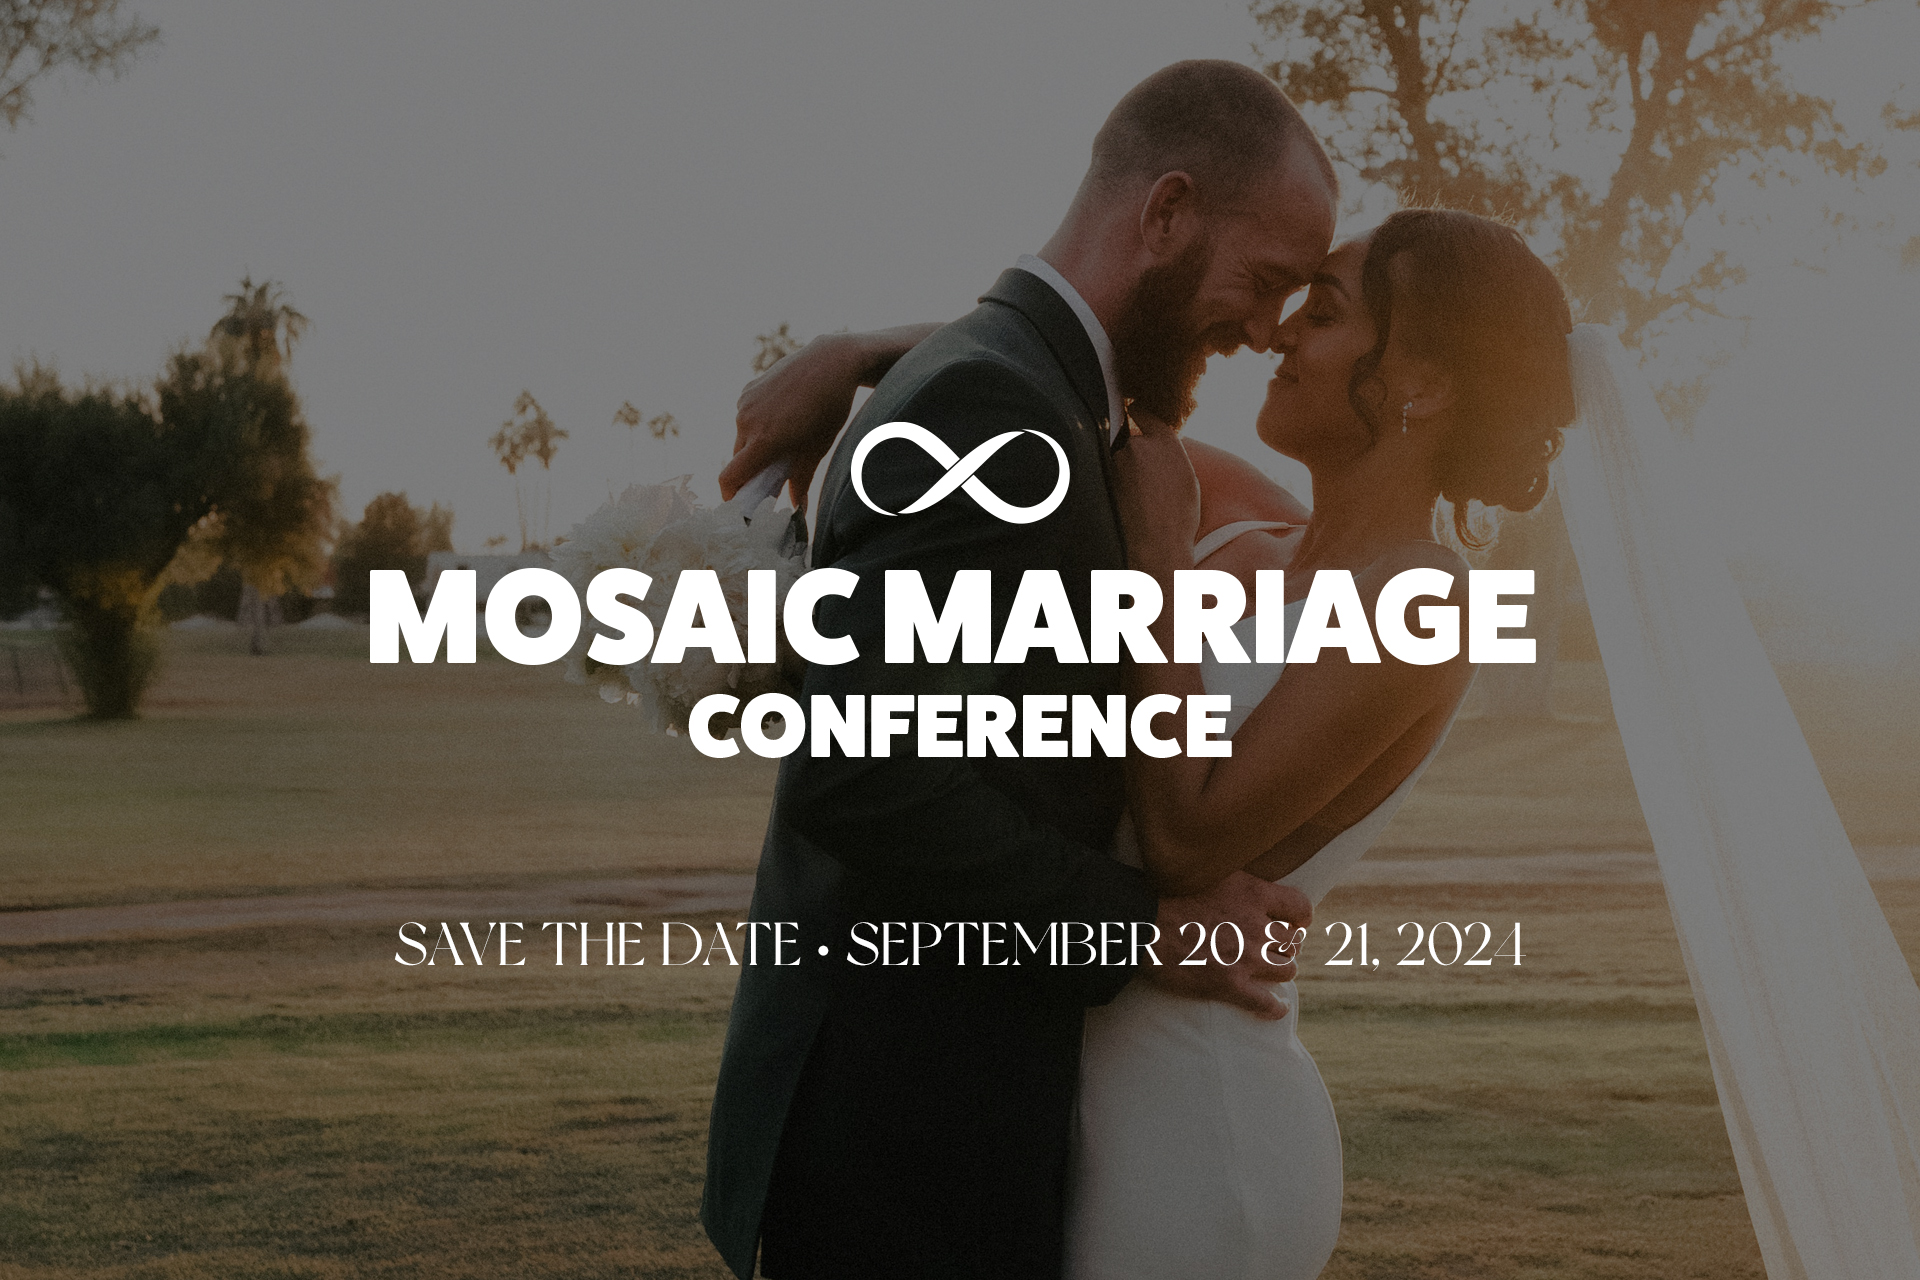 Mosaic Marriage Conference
▬▬▬▬▬▬
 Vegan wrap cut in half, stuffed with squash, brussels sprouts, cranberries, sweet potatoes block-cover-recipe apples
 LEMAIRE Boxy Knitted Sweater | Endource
▬▬▬▬▬▬
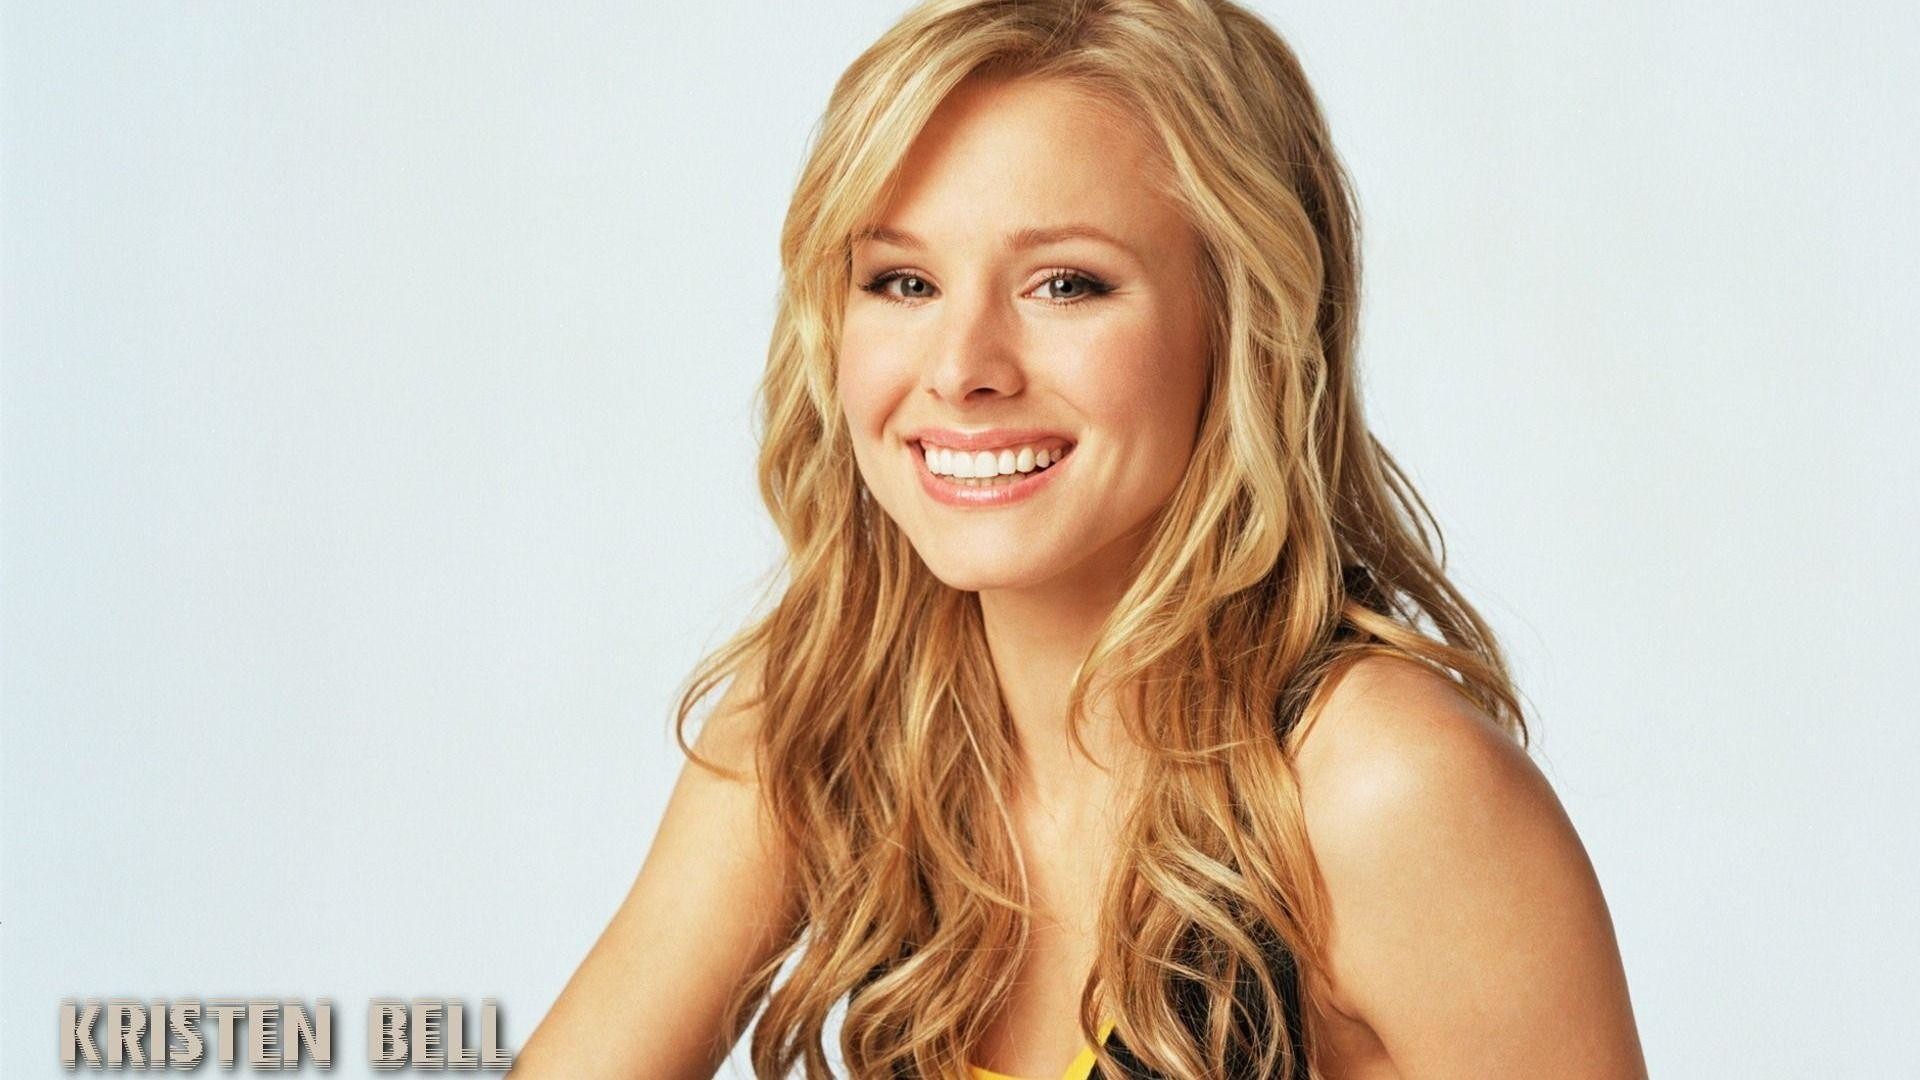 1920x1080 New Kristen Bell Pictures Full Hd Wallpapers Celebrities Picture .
▬▬▬▬▬▬
> _Your assignment_: In the entries above, restate word for word the lines between the one holding "Vegan wrap cut" and the one holding "LEMAIRE Boxy Knitted Sweater | Endource", inclusive, and nothing besides.

> _Expected output_:
 Vegan wrap cut in half, stuffed with squash, brussels sprouts, cranberries, sweet potatoes block-cover-recipe apples
 LEMAIRE Boxy Knitted Sweater | Endource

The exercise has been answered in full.